Hotel and casino in Stateline, Nevada, US

Golden Nugget Lake Tahoe Hotel & Casino (formerly Sahara Tahoe, High Sierra, Horizon Lake Tahoe, and Hard Rock Lake Tahoe) is a casino hotel in Stateline, Nevada. Horizon Lake Tahoe closed on April 1, 2014, to begin a $60 million renovation and rebranding as Hard Rock Lake Tahoe, which held its grand opening on January 28, 2015. It has 539 hotel rooms and 22750 sqft of gaming space, with 431 slot machines, 33 table games, and a new Golden Nugget Sportsbook.

==History==
===Sahara Tahoe (1965–1983)===
Plans for the casino hotel were announced in January 1963 by the Del E. Webb Corporation, a real estate development firm that also owned casinos in Las Vegas, including the Sahara. Webb leased 20 acres of land for the development from the Park Cattle Co., a ranching company with large land holdings in the area. Construction began in April 1964. The property opened as the Sahara–Tahoe on June 30, 1965. Developed at a cost of $25 million, the Sahara had a 14-story hotel with 350 rooms and a 1,000-seat theater restaurant.

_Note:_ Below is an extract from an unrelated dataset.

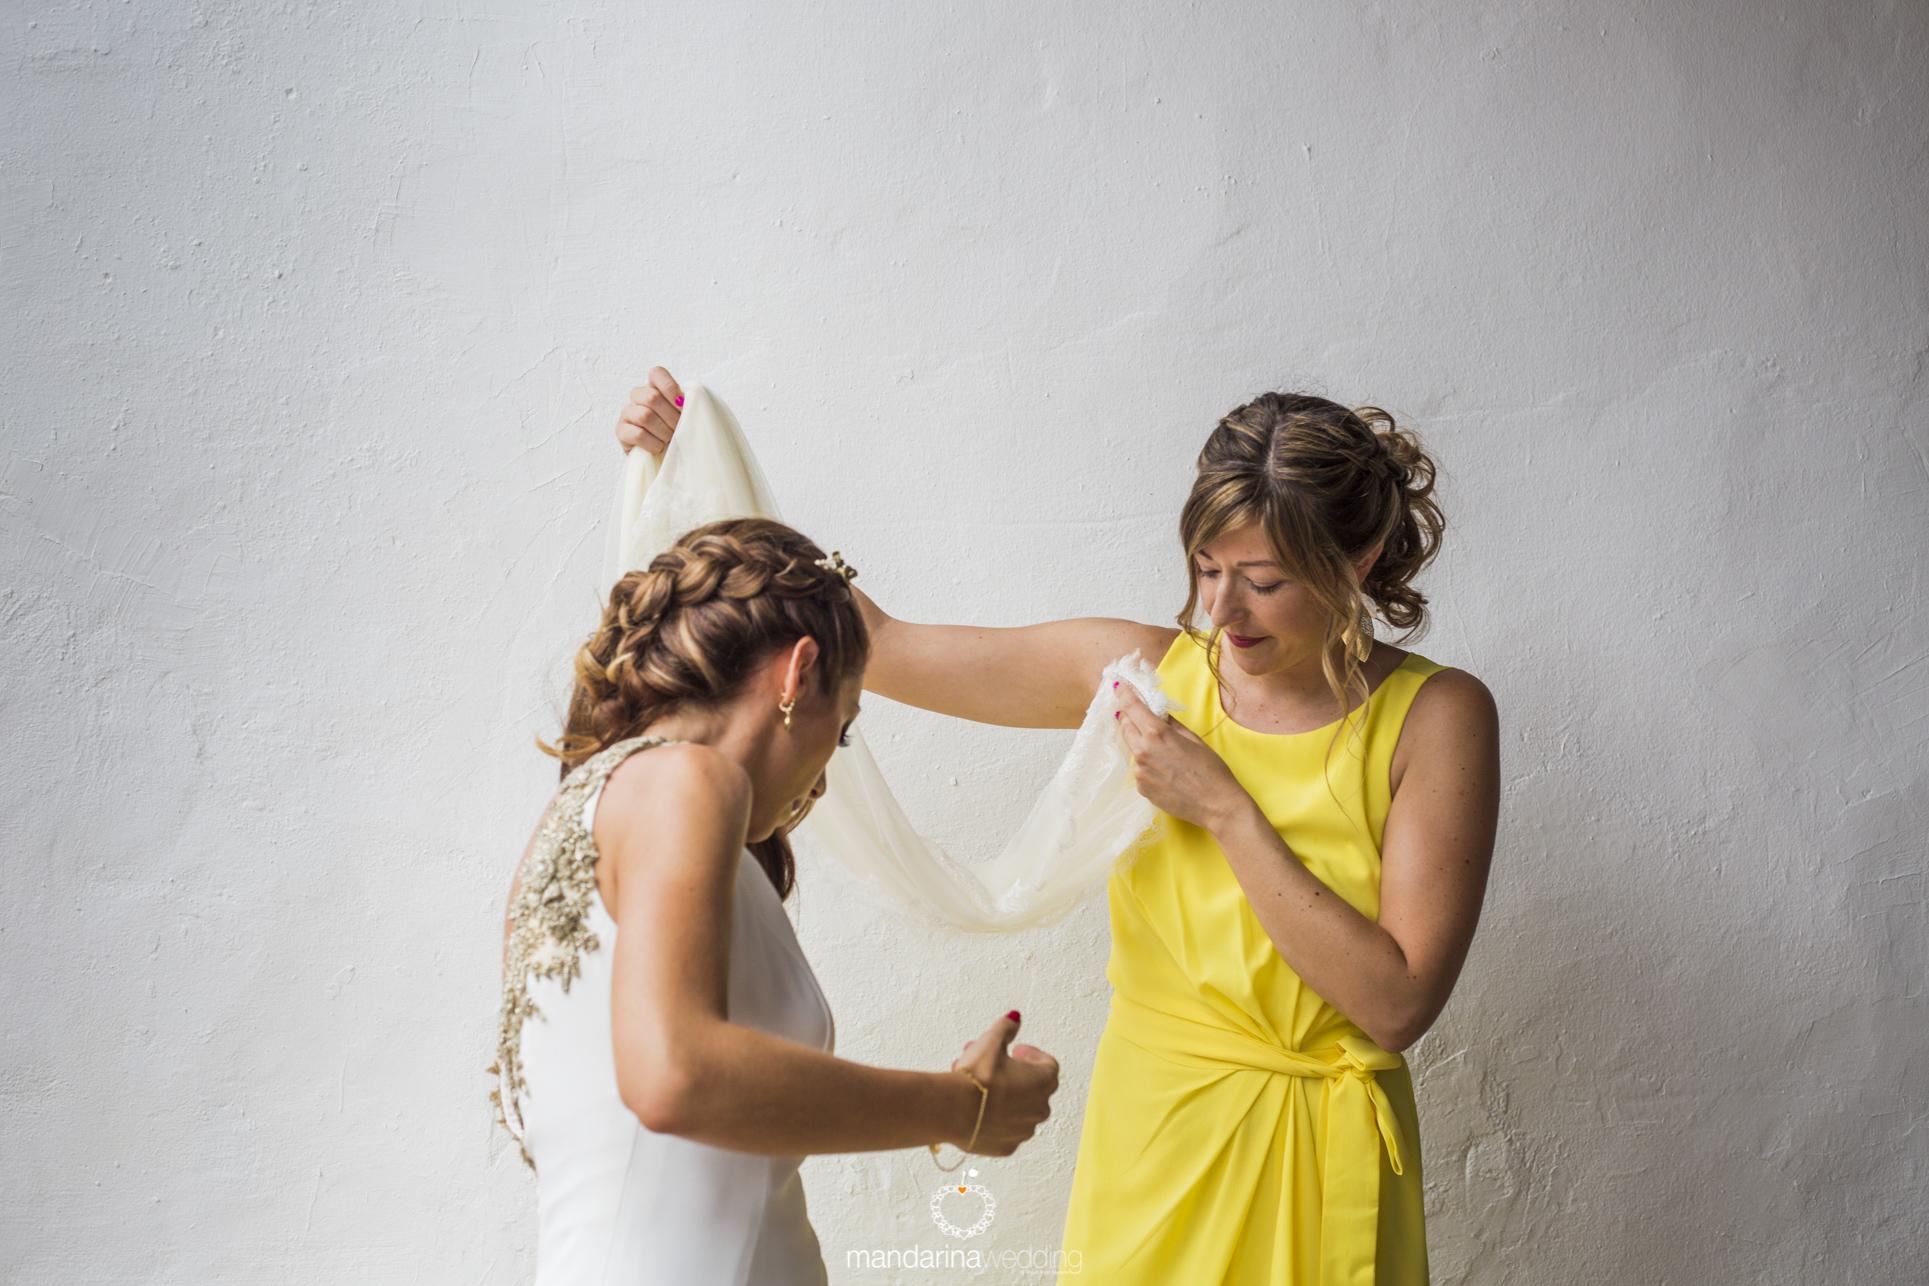 mandarina wedding, fotografo boda pais vasco, fotografo boda zaragoza, fotógrafo boda soria, fotografo boda Madrid, fotógrafo boda tarragona-33

The Sahara expanded with a second hotel tower completed in late 1968, with 224 rooms on 8 floors.

Elvis Presley performed at the Sahara Tahoe from 1971 to 1976, and his suite is still available for guests to book.

===High Sierra (1983–1990)===
In 1983, the Sahara was given a Western theme and rebranded as the High Sierra Hotel/Casino.

In 1985, it hosted the companies who defined the High Sierra Format, the basis for how computers access CD-ROMs today.

===Horizon Lake Tahoe (1990–2014)===
In 1990, the High Sierra was sold to Columbia Sussex, which rebranded it again as Horizon.

In 2005, Park Cattle Co. moved to evict Columbia Sussex from the premises, alleging that they had allowed the Horizon to fall into disrepair. The ensuing lawsuit lasted until 2008, when Tropicana Entertainment (successor of Columbia Sussex's casino business) agreed to pay $165 million to Park Cattle and end the lease for the Horizon as early as 2011.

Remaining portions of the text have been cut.